B     (unterbricht) ... aber warte doch mal! Ein paar Dinge haben wir doch schon kapiert: Der Temperaturanstieg darf auf keinen Fall mehr als 2O betragen – sonst bricht das Klima unumkehrbar zusammen. Um das Schlimmste zu verhindern, müsste man bis Mitte unseres Jahrhunderts den CO2-Ausstoß um 80 % bis 90 % reduzieren...

A     Und wie? Da müsste die ganze Welt ja zusammenarbeiten: die reichen Länder, die armen, die Schwellenländer auch. Und gar nicht auszudenken, was mit der Umwelt passiert, wenn jeder Chinese und jeder Inder erstmal sein eigenes Auto hat...

B      Aber da sind die reichen Länder wahrhaftig kein Vorbild. Die Amerikaner haben ja nicht mal das Kyoto-Protokoll unterschrieben – und pulvern ein Viertel aller weltweiten Emissionen in die Luft.

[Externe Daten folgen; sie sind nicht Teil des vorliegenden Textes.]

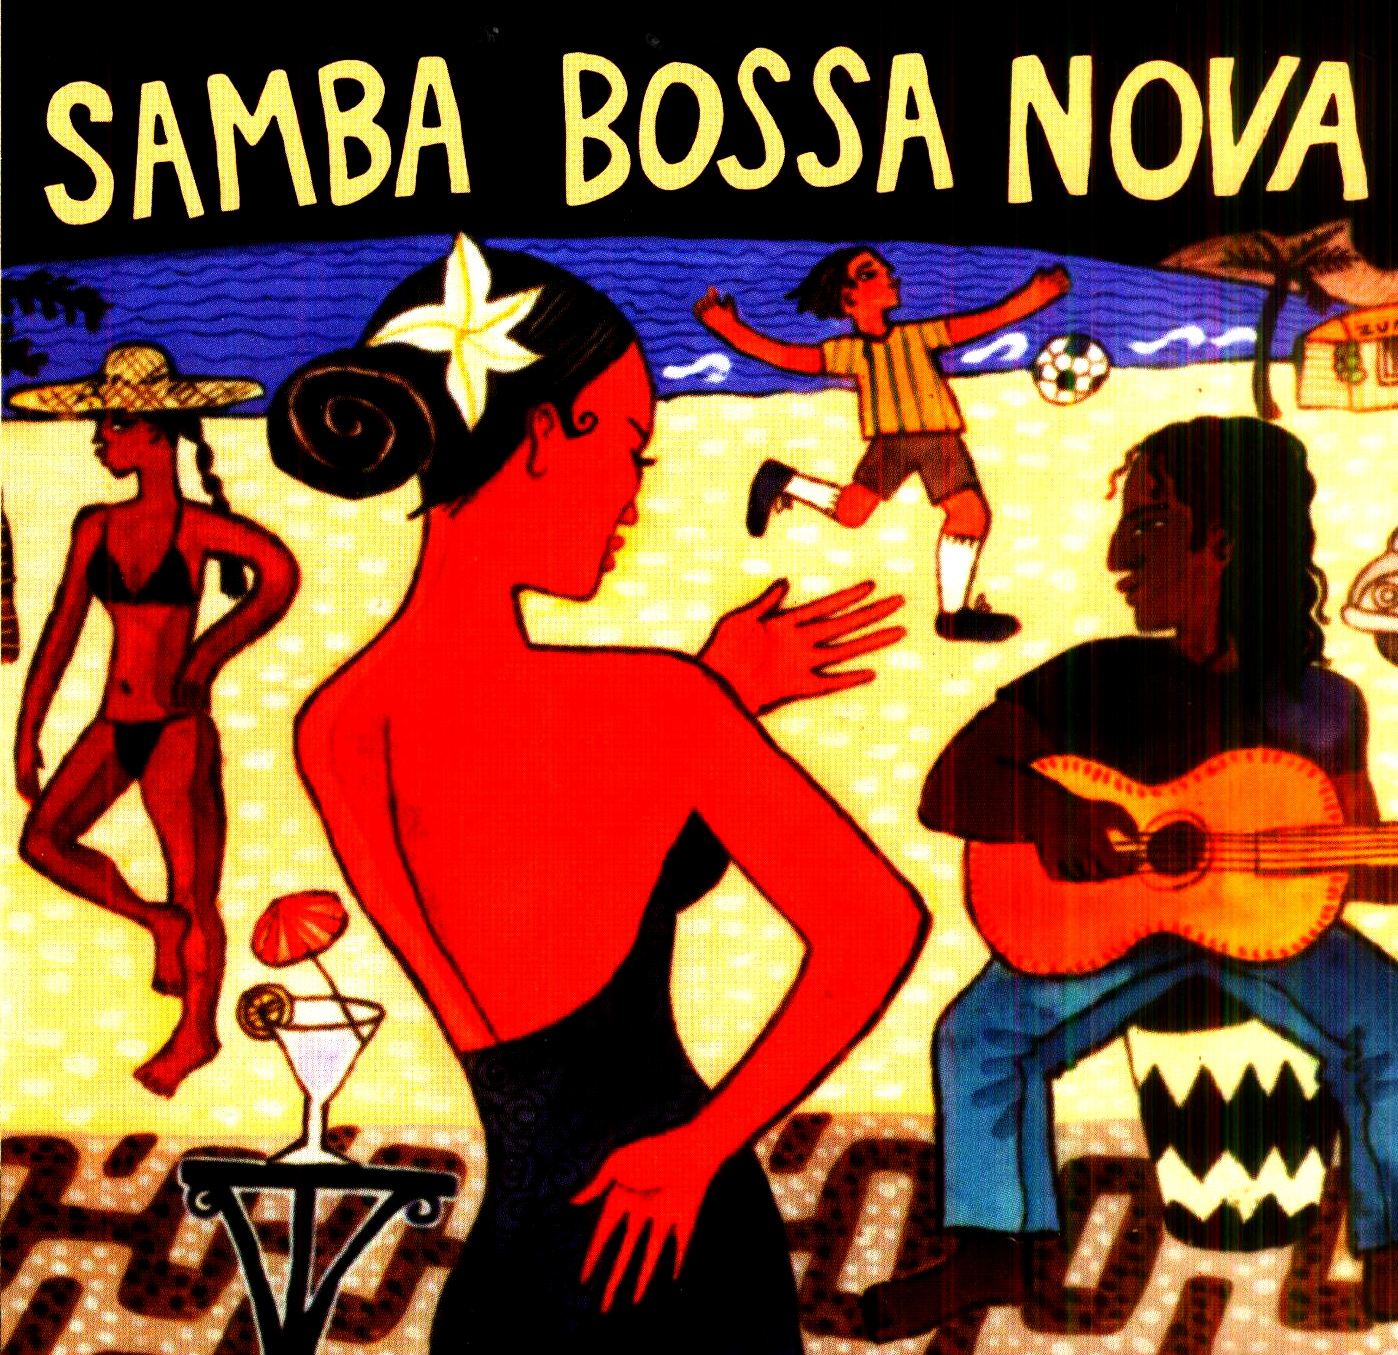 Босса нова это. Putumayo presents Samba Bossa Nova. Босса Нова стиль. Босса Нова музыкальный стиль. Босса Нова танец.

A     Siehst Du? Und wie können wir da erwarten, dass Chinesen und Inder und Brasilianer und Afrikaner zu einer besseren Einsicht kommen? Wir machen es ihnen doch vor! Apropos: Was tut eigentlich unsere Wirtschaft, was tut unsere Regierung gegen die Klimakatastrophe?

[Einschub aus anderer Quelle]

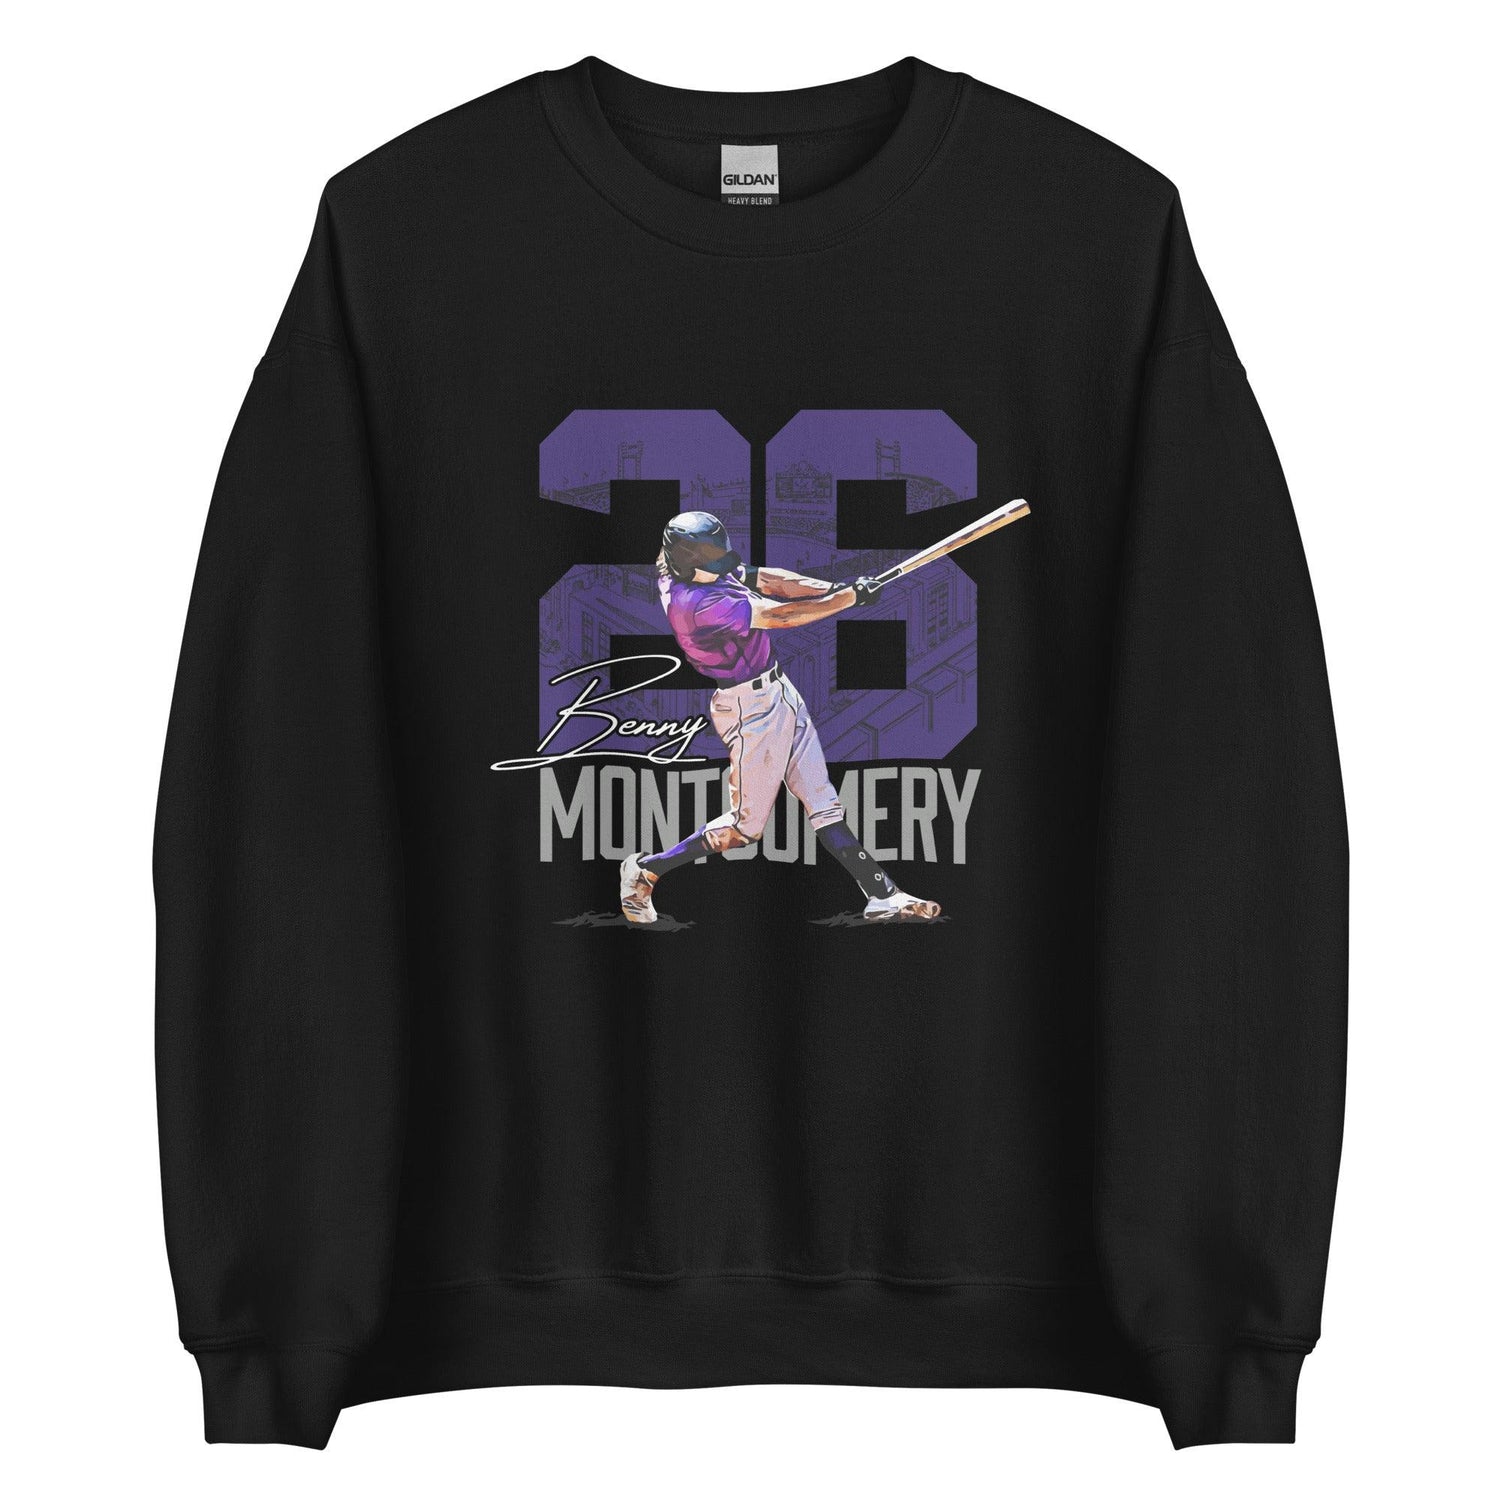 Benny Montgomery "Gameday" Sweatshirt - Fan Arch

B      Na ja, die Bundesregierung will den Ausstoß an CO2 bis zum Jahr 2020 um 40 % senken –gegenüber 1990! Tatsächlich stehen dieses Jahr 2,6 Milliarden Euro für die Klimapolitik im Haushaltsansatz.

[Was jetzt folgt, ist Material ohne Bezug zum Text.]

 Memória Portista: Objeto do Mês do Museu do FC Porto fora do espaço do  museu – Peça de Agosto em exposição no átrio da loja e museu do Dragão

A     Das wäre schon gut, wenn Deutschland in puncto Klima-Rettung tatsächlich so eine Vorreiter-Rolle einnehmen würde...!

B      Das finde ich auch. Die Chance steckt in einem ganzen Bündel von Maßnahmen, wenn alle mitmachen: Energieversorger und Industrie, Forschung und Technik, Verkehr und Verbraucher.

A      Aber da steckt auch das Problem: Alle müssten an einem Strang ziehen! Nicht nur bei uns in Deutschland – weltweit! Ob das klappt???

B      Ich frage lieber anders herum: Was bleibt uns denn anderes übrig, wenn wir die Katastrophe noch im letzten Moment abwenden wollen?!

A      Du hast Recht. Was wir selber tun können – das sollten wir tun.

        Wir dürfen die Hoffnung nicht aufgeben.

        Um Himmels willen: Wir dürfen die Hoffnung nicht aufgeben.